(STORED DATA Opens)

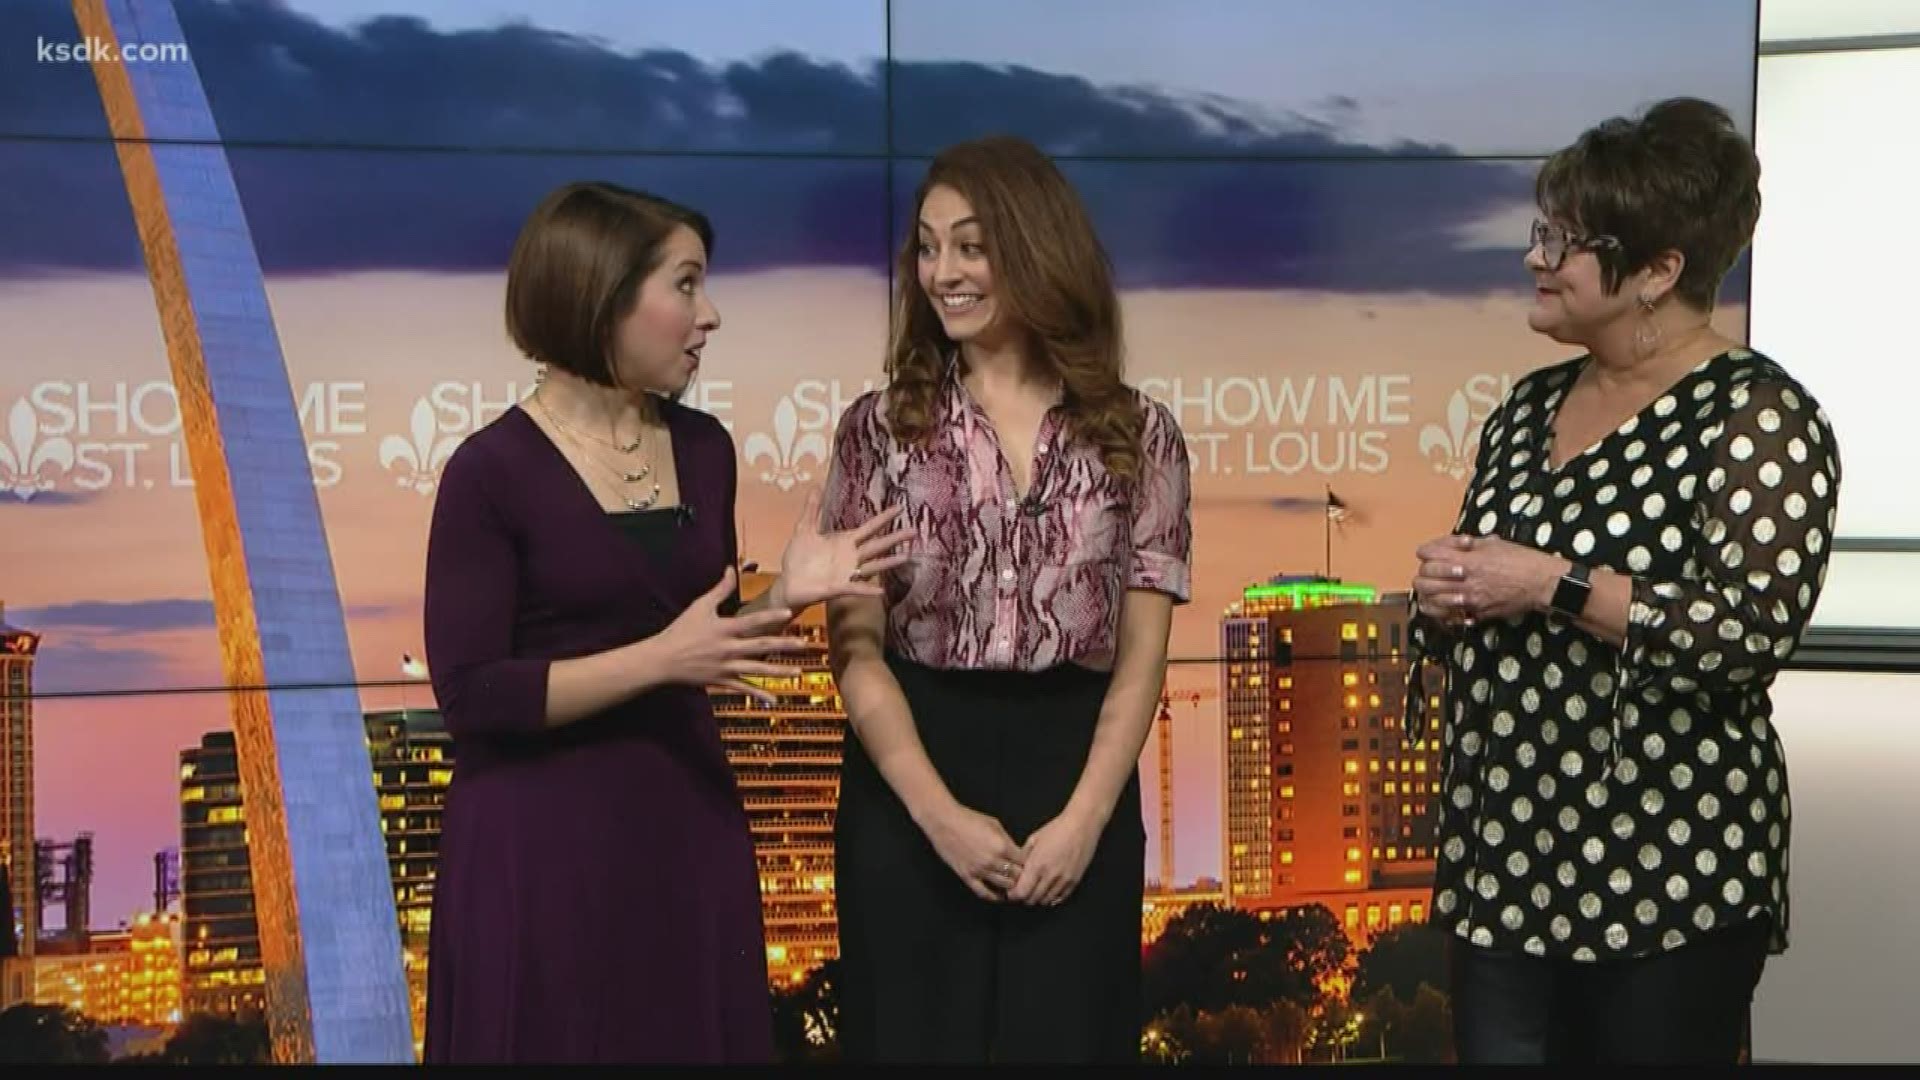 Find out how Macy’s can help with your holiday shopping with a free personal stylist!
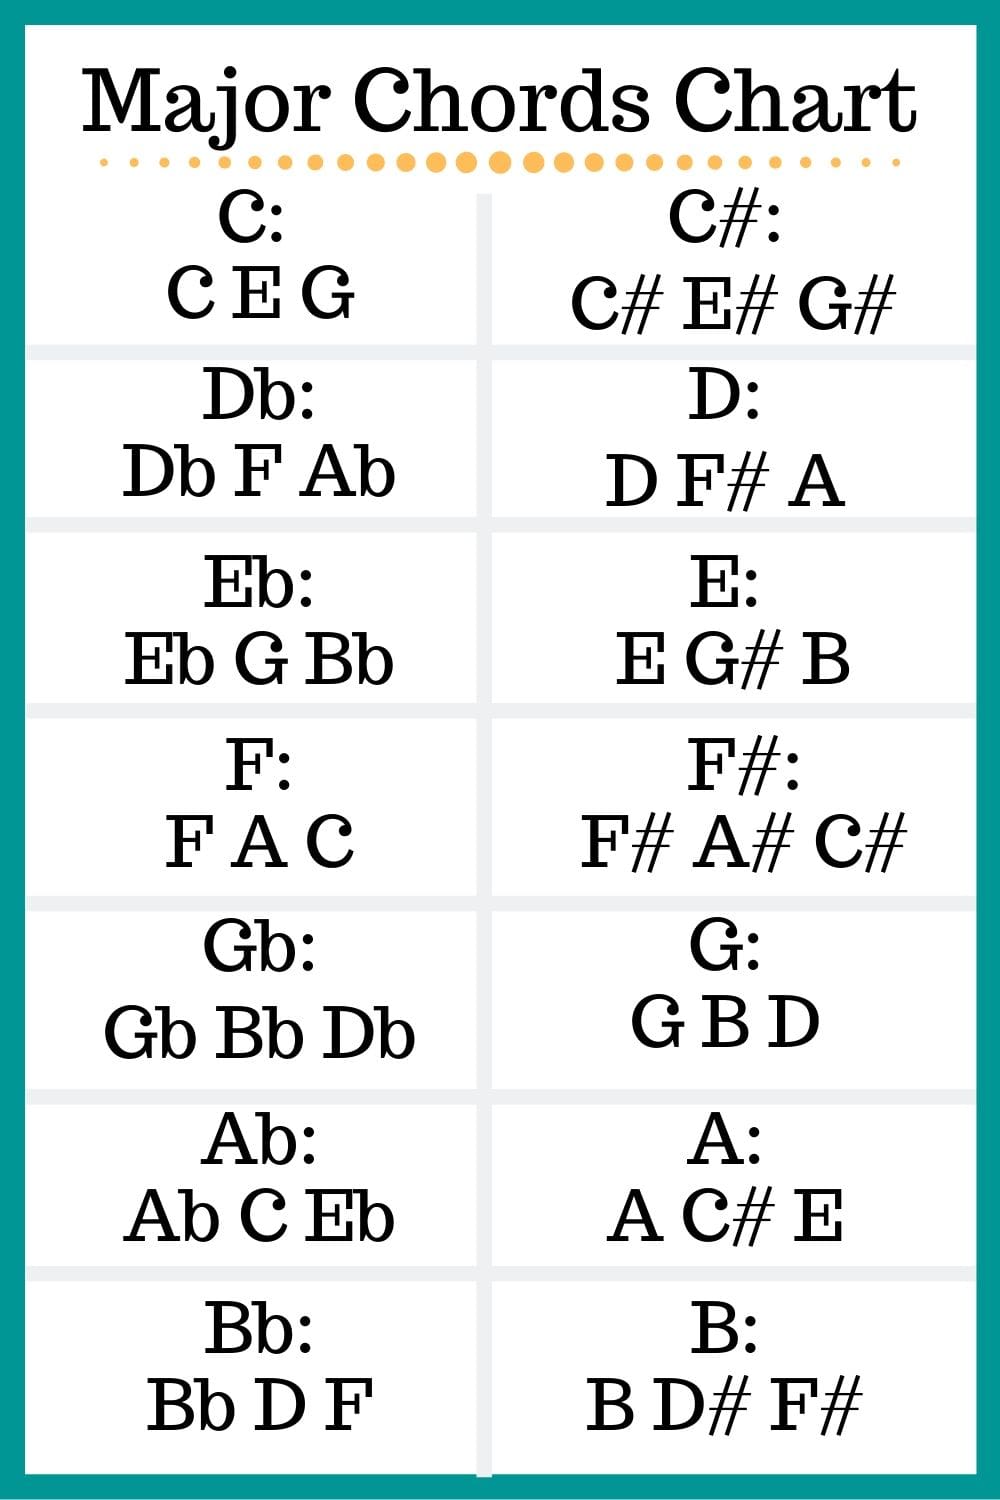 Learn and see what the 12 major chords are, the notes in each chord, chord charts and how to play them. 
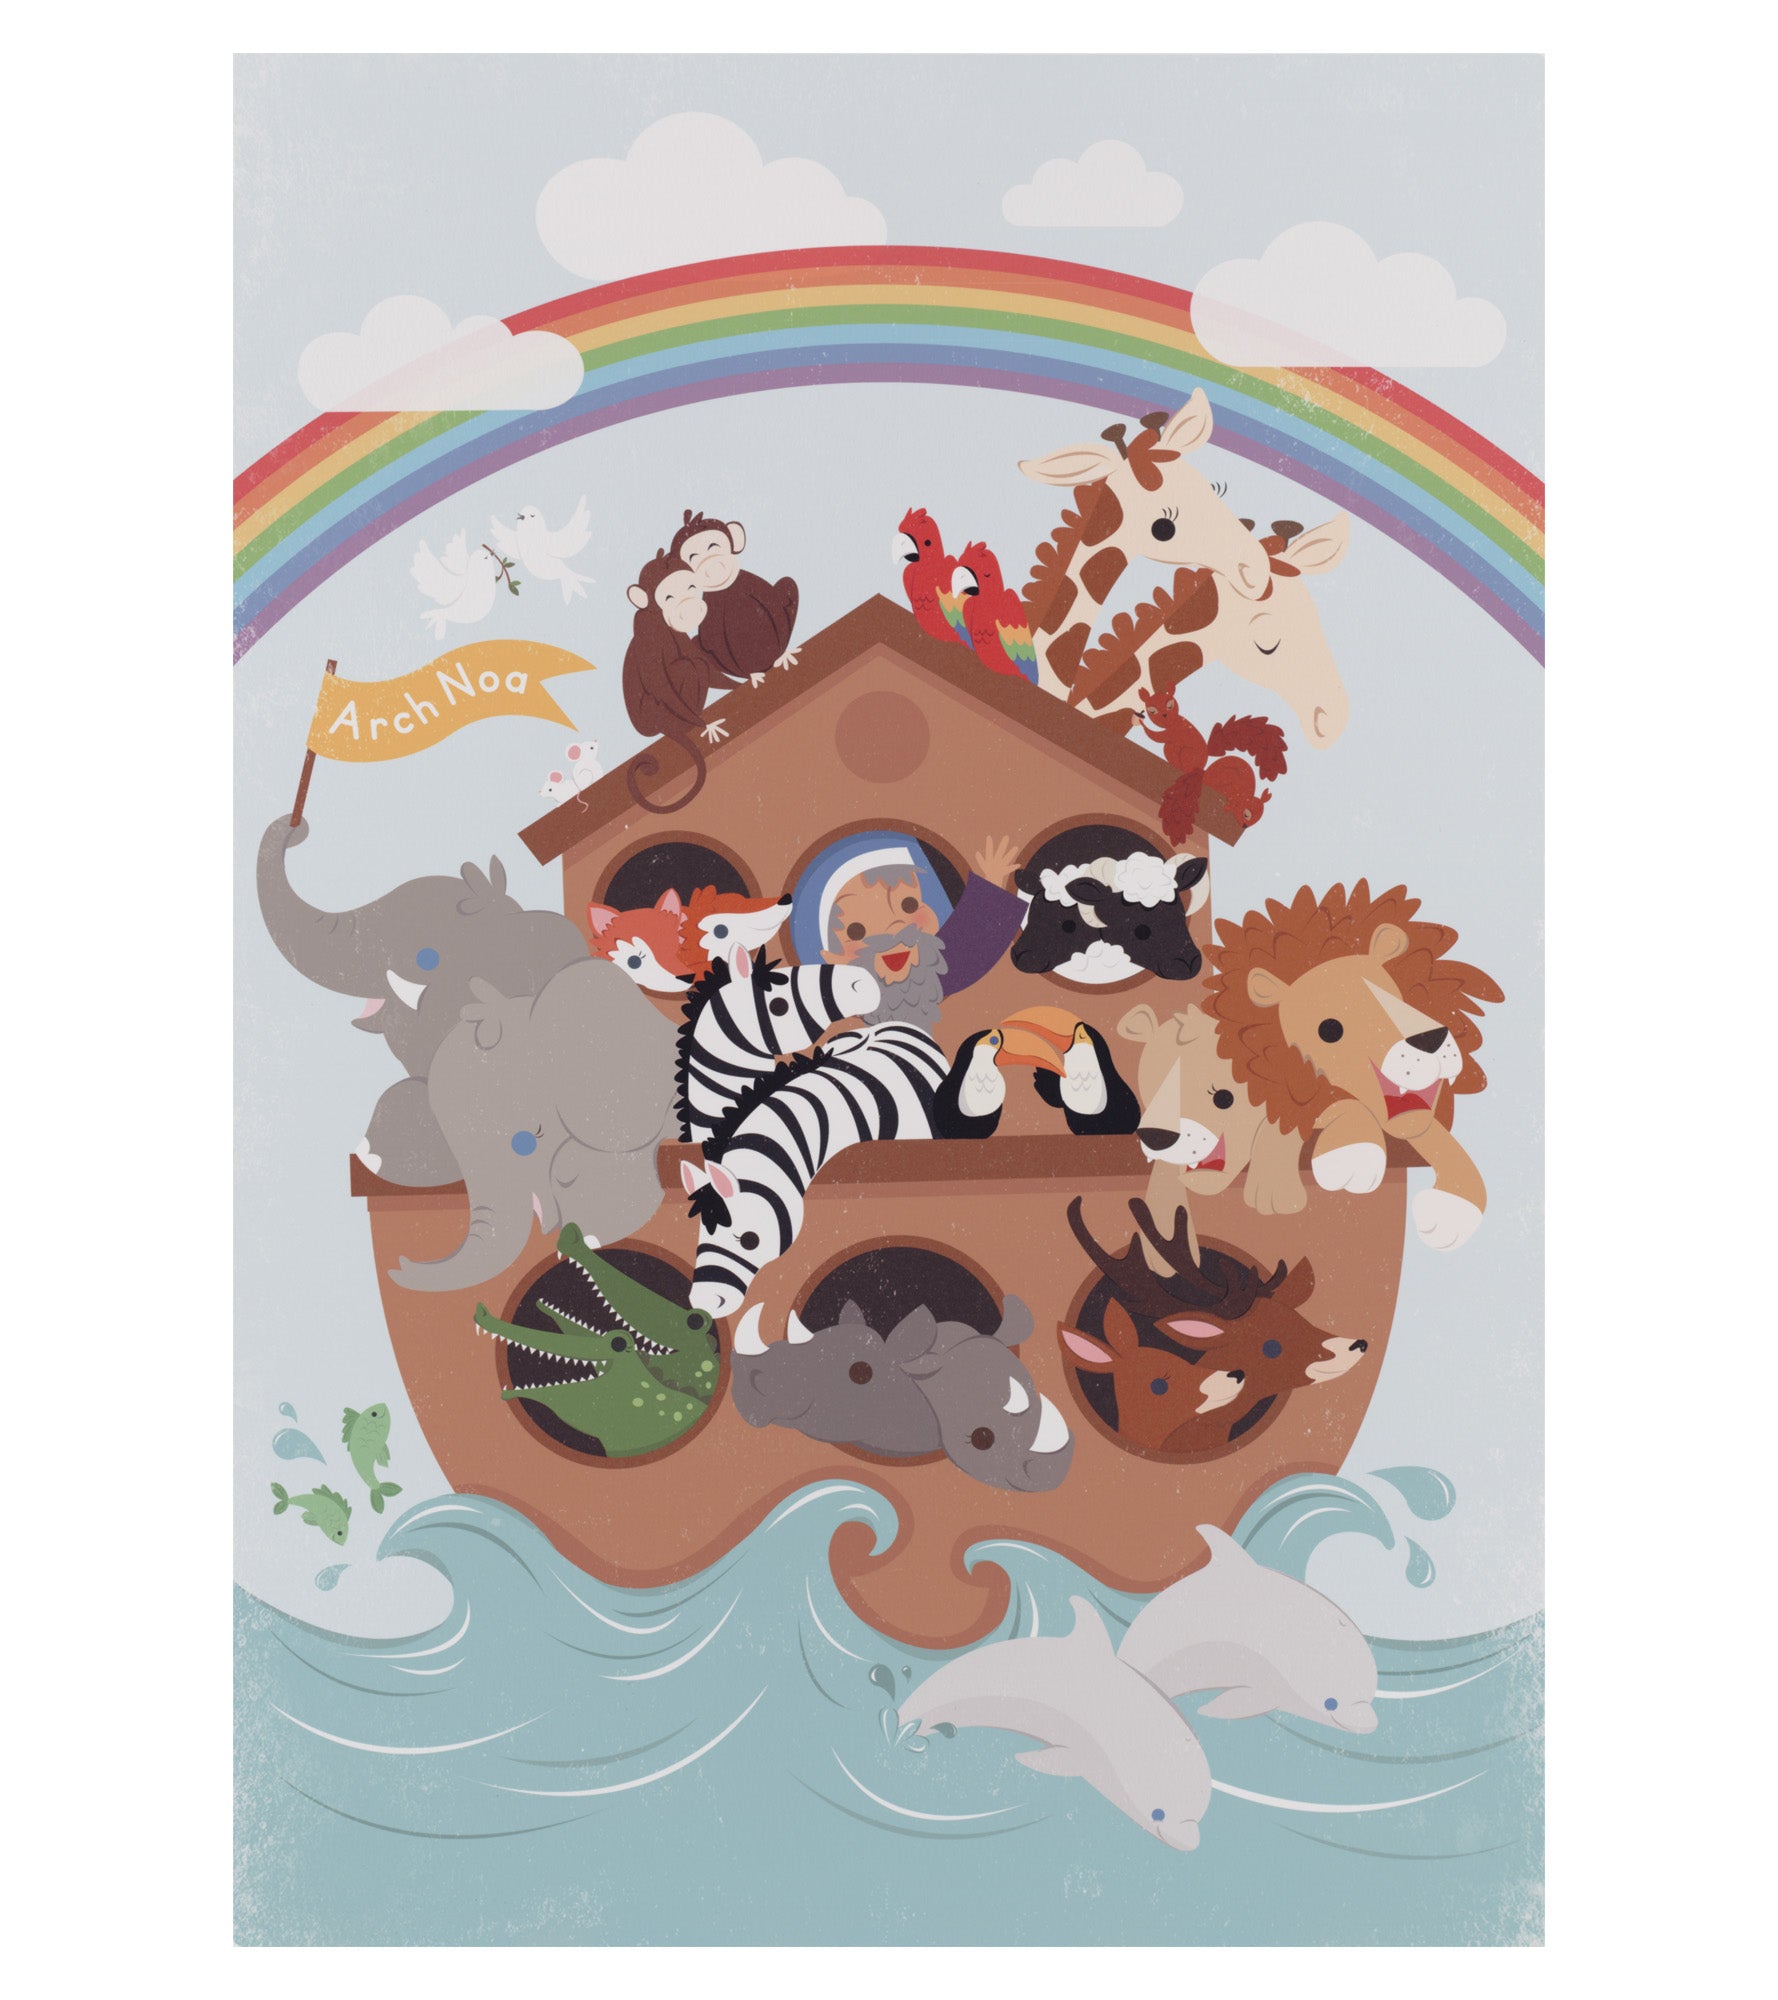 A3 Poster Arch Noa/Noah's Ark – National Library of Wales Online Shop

(STORED DATA Closes)

◆ WHAT THE TASK ASKS
All of the data is to be returned exactly, with no pictures included.

◆ YOUR SOLUTION
 Find out how Macy’s can help with your holiday shopping with a free personal stylist!
 Learn and see what the 12 major chords are, the notes in each chord, chord charts and how to play them. 
 A3 Poster Arch Noa/Noah's Ark – National Library of Wales Online Shop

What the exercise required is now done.